Calling current systems unsustainable, he says the way we think today will not be enough to develop the kind of environmentally sustainable innovations that industry and business need to be ready for the future. “The biomimicry approach has helped industries and companies create innovations that are not only sustainable but also cost-effective, while mitigating risks and reducing costs.”

Seema adds that biomimicry is probably the only program based on observation and learning from natural phenomena and models – and therefore enables learning in an integrated way and not in a reductionist format within the “silos” of subjects/subjects).

One of the challenges they face is that even though people are talking about sustainability, it’s still only lip service. “Actually, I think it’s a fashion accessory, which people wear to parties or fashionable conferences.
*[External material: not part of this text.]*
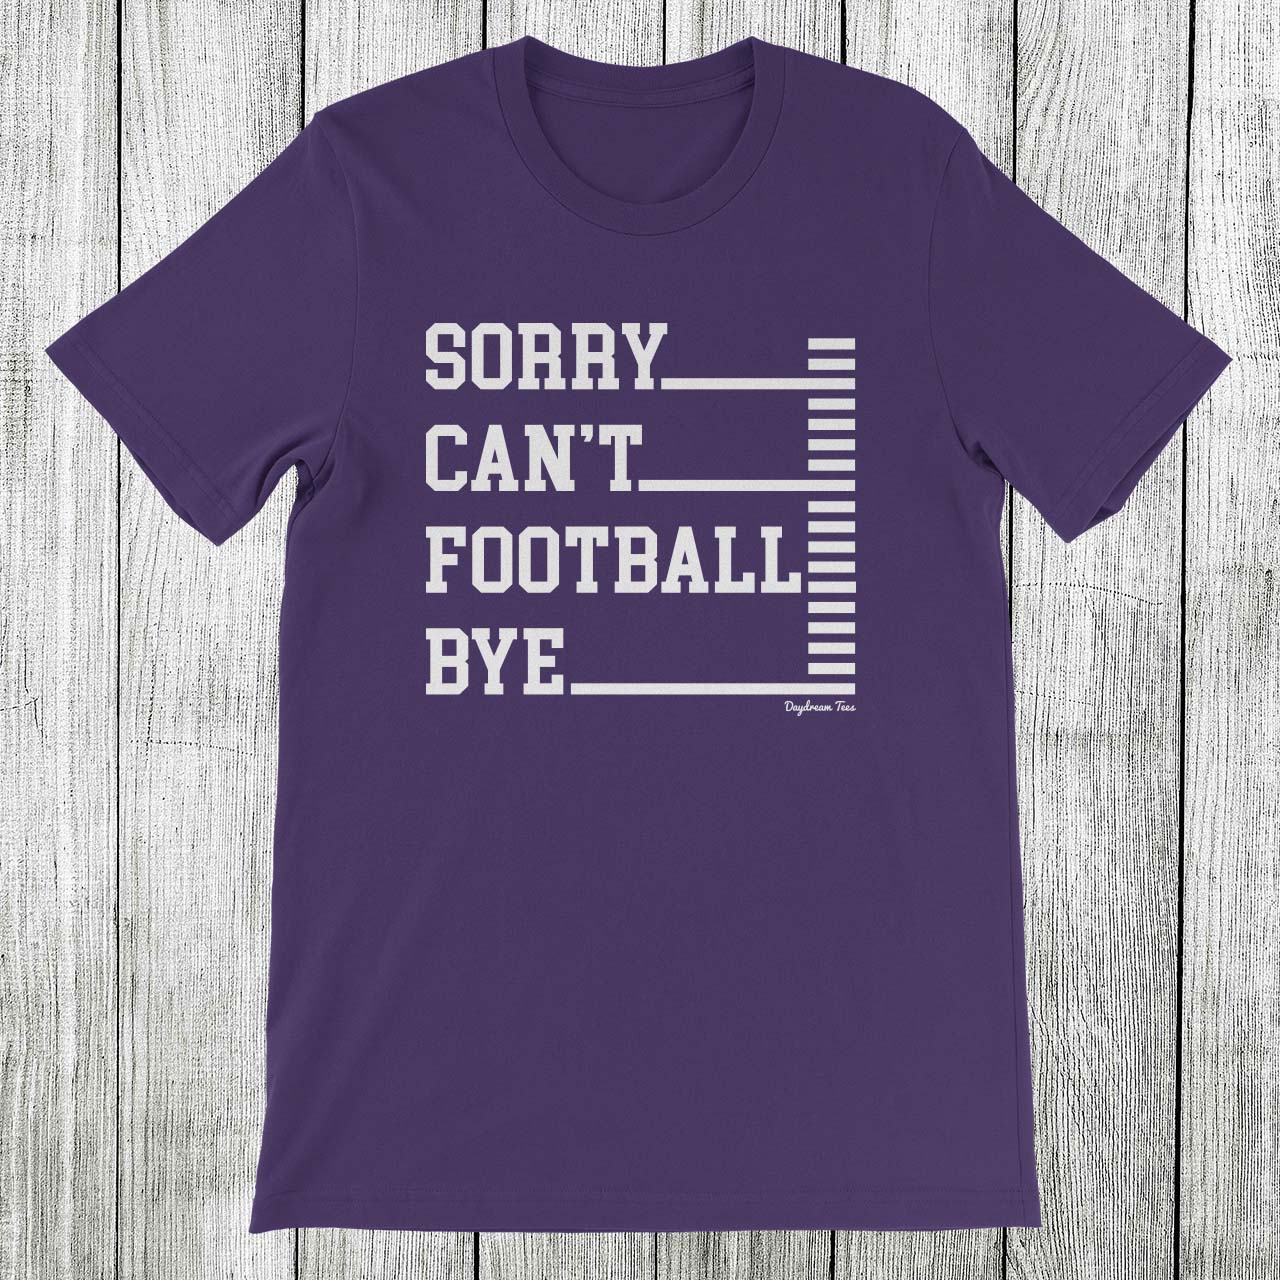 Daydream Tees Sorry Can't Football Bye

But that’s just fashion. So you’ll hear everyone talking about the environment, but just look at how they run their industry. But that’s just a design flaw. We have all created a system where we reward, fire or hire people based on their economic performance. So no matter what they do, ultimately they try to fit into everything in our economic system,” Prashant says.
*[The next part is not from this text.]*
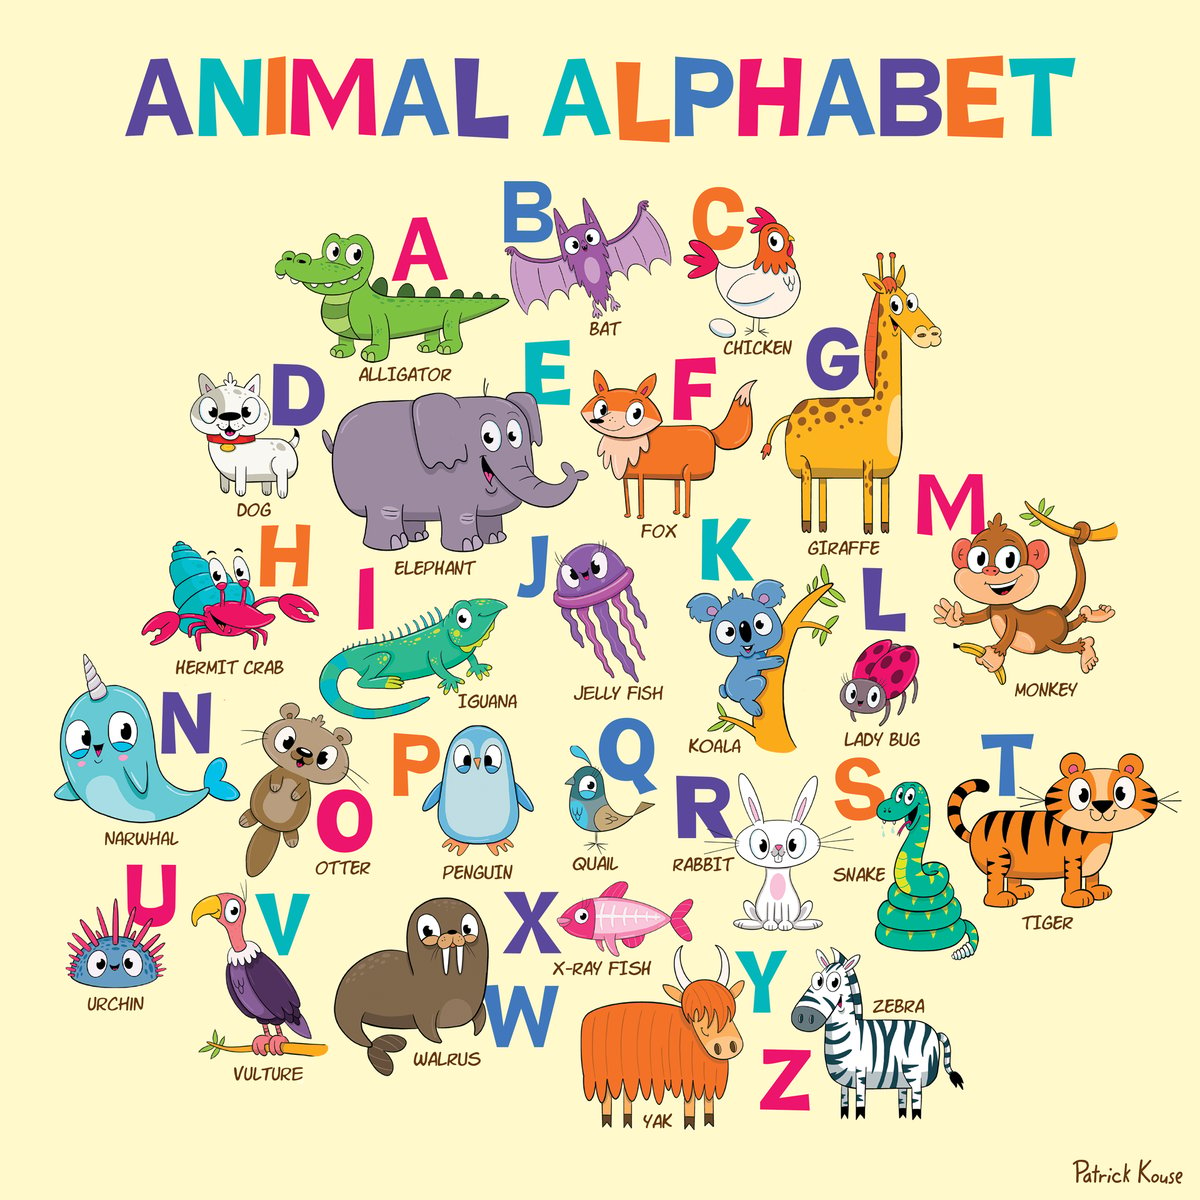 Is There An Animal That Starts With Every Letter Of The Alphabet

The couple says it also comes down to how we treat each other. “If you really think deeply, look at how we teach our children. You say, ‘How can I shape it so that I can integrate it into the economy so that it can integrate and feed the economy. So the economy is our servant, and our servant has become our master,” he adds.

But Prashant and Seema remain hopeful. “It’s sad that people are so myopic and unwilling to visualize an alternative. We need to understand the realities of our current system. But, we also know that we are just one knock away from the right door. You can’t quit just because you’ve knocked on 100,000 doors,” says Seema.